Eoghan CliffordPh.D.

Personal information
- Nationality: Irish
- Born: 26 August 1980 (age 45) Bruff, County Limerick, Ireland

Sport
- Country: Ireland
- Sport: Track and road cycling
- Disability class: C3

Medal record
Representing Ireland
Men's Para-cycling
Summer Paralympics
| Gold medal – first place | 2016 Rio de Janeiro | Road time trial C3 |
| Bronze medal – third place | 2016 Rio de Janeiro | Individual pursuit C3 |
Road World Championships
| Gold medal – first place | 2014 Greenville | Road race (C3) |
| Gold medal – first place | 2014 Greenville | Time Trial (C3) |
| Gold medal – first place | 2015 Nottwil | Time trial (C3) |
Track World Championships
| Gold medal – first place | 2015 Apeldoorn | Scratch Race (C3) |
| Bronze medal – third place | 2015 Apeldoorn | 3km pursuit (C3) |
| Bronze medal – third place | 2016 Montichiari | 3km pursuit (C3) |
World Cup
| Gold medal – first place | 2015 Yverdons Les Bains | Time Trial (C3) |
| Gold medal – first place | 2015 Elzach | Time Trial (C3) |
| Gold medal – first place | 2016 Ostende | Time Trial (C3) |
| Gold medal – first place | 2017 Ostende | Time Trial (C3) |
| Gold medal – first place | 2016 Bilbao | Road Race (C3) |
| Gold medal – first place | 2017 Emmen | Road Race(C3) |
| Silver medal – second place | 2016 Ostende | Road Race (C3) |
| Silver medal – second place | 2017 Emmen | Time Trial(C3) |
| Bronze medal – third place | 2015 Elzach | Road Race (C3) |
| Bronze medal – third place | 2015 Yverdons Les Bains | Road Race (C3) |

= Eoghan Clifford =

Irish racing cyclist

Eoghan Clifford (born 26 August 1980) is an Irish Paralympic racing cyclist competing in C3 classification events. Clifford has represented Ireland at both road and track disciplines and is a multiple UCI Para-cycling World Champion, winning the C3 road race and the C3 time trial in Greenville in 2014, the scratch race at the track world championships in Apeldoorn in 2015 and the time trial event at Nottwil in 2015. He also won a bronze medal at the track world champions for the C3 pursuit in Apeldoorn in 2015 and Montichiari in 2016.

==Early life==
Clifford was born in 1980 in Dublin and grew up in Bruff, County Limerick. He attended both Primary and Secondary school in Bruff. He cycled back and forth to secondary school daily. He moved to Galway, where he still lives, in 1998 to study at NUI Galway. He graduated with a Bachelor of Engineering (Environmental) in 2002. While at NUI Galway he cultivated an interest in rowing, which he still enjoys.

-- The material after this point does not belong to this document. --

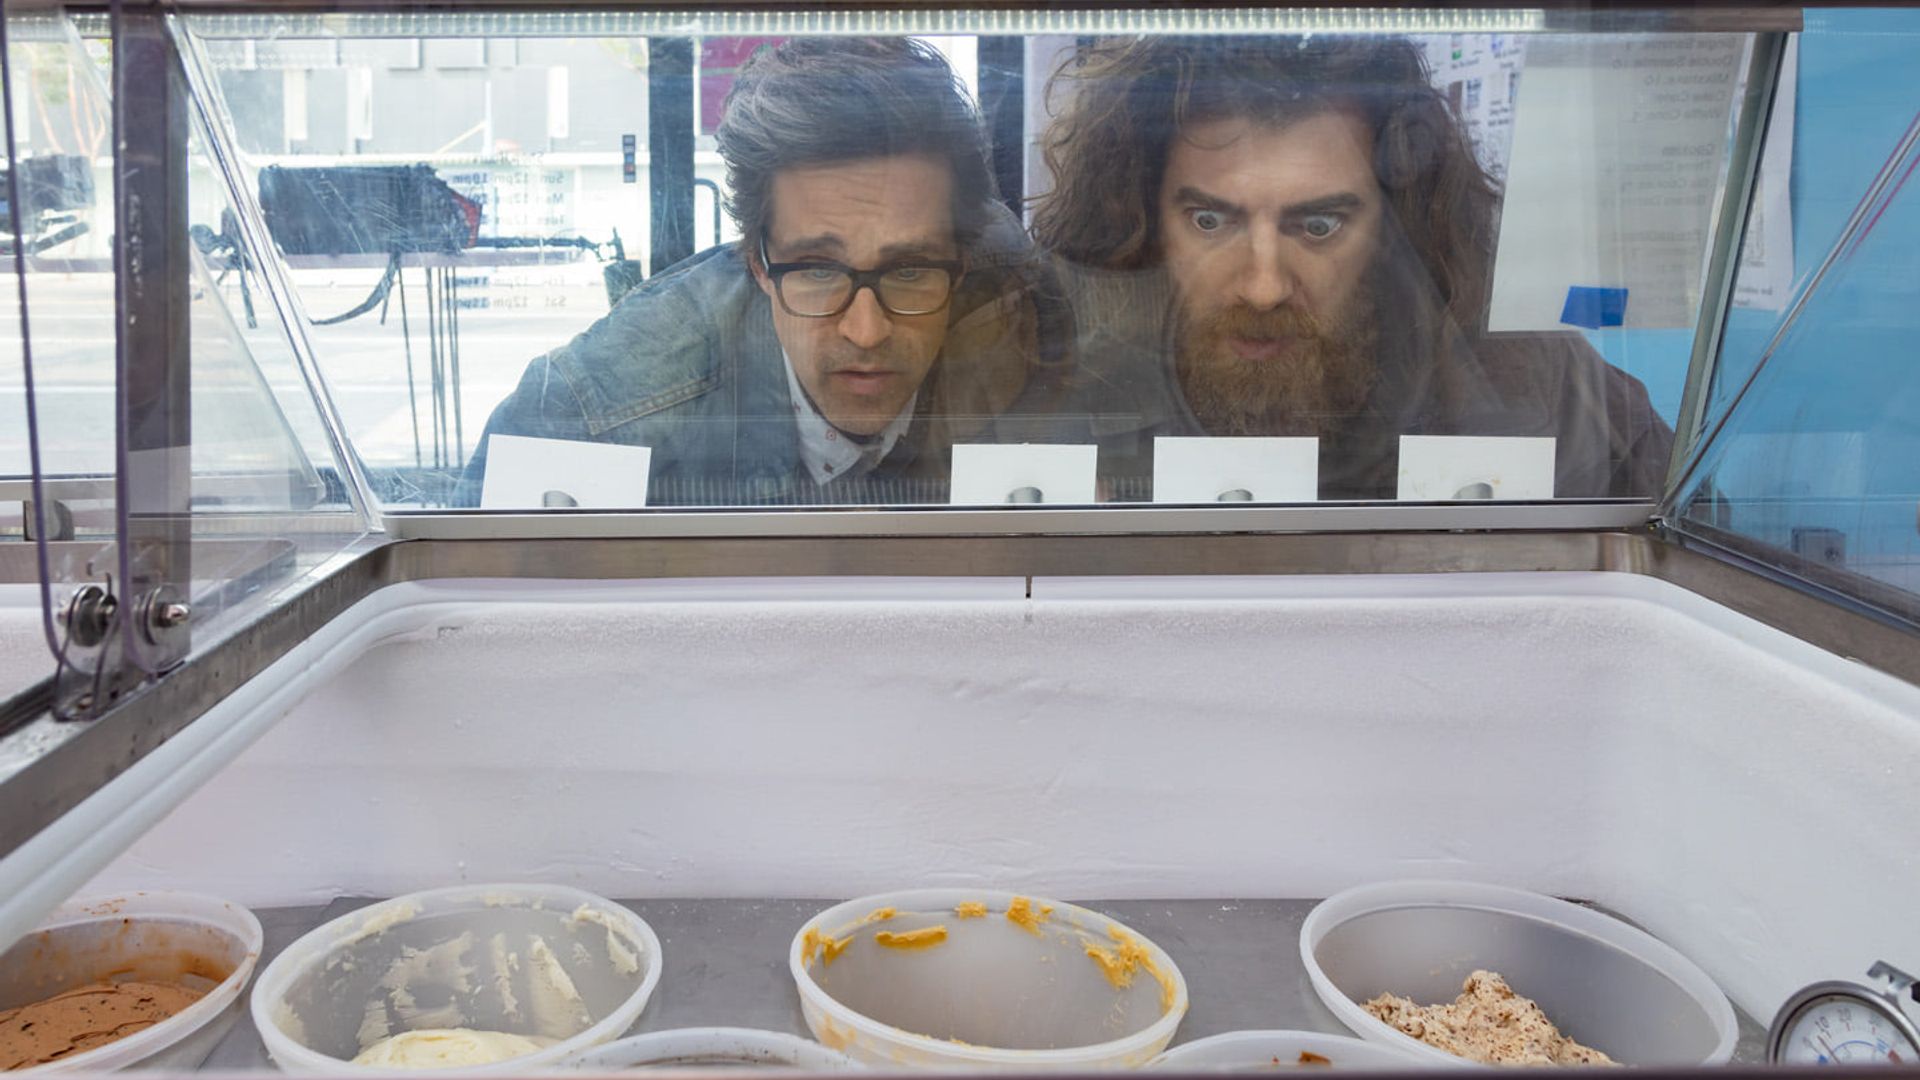 Inside Eats with Rhett & Link background

Clifford lives with Charcot–Marie–Tooth disease, a hereditary motor and sensory neuropathy, but still races at a national level in able-bodied events.

==Career==
Dr Clifford has worked as a full-time lecturer at NUI Galway since 2010. He has an interest both in Transport Engineering and Water Waste Engineering.

He first entered Ireland's para cycling squad in 2014. The following year he qualified for the 2016 Summer Paralympics in Rio de Janeiro. He brought one gold and one bronze medal back with him.

==Personal life==
He is married to Magdalena Hajdukiewicz.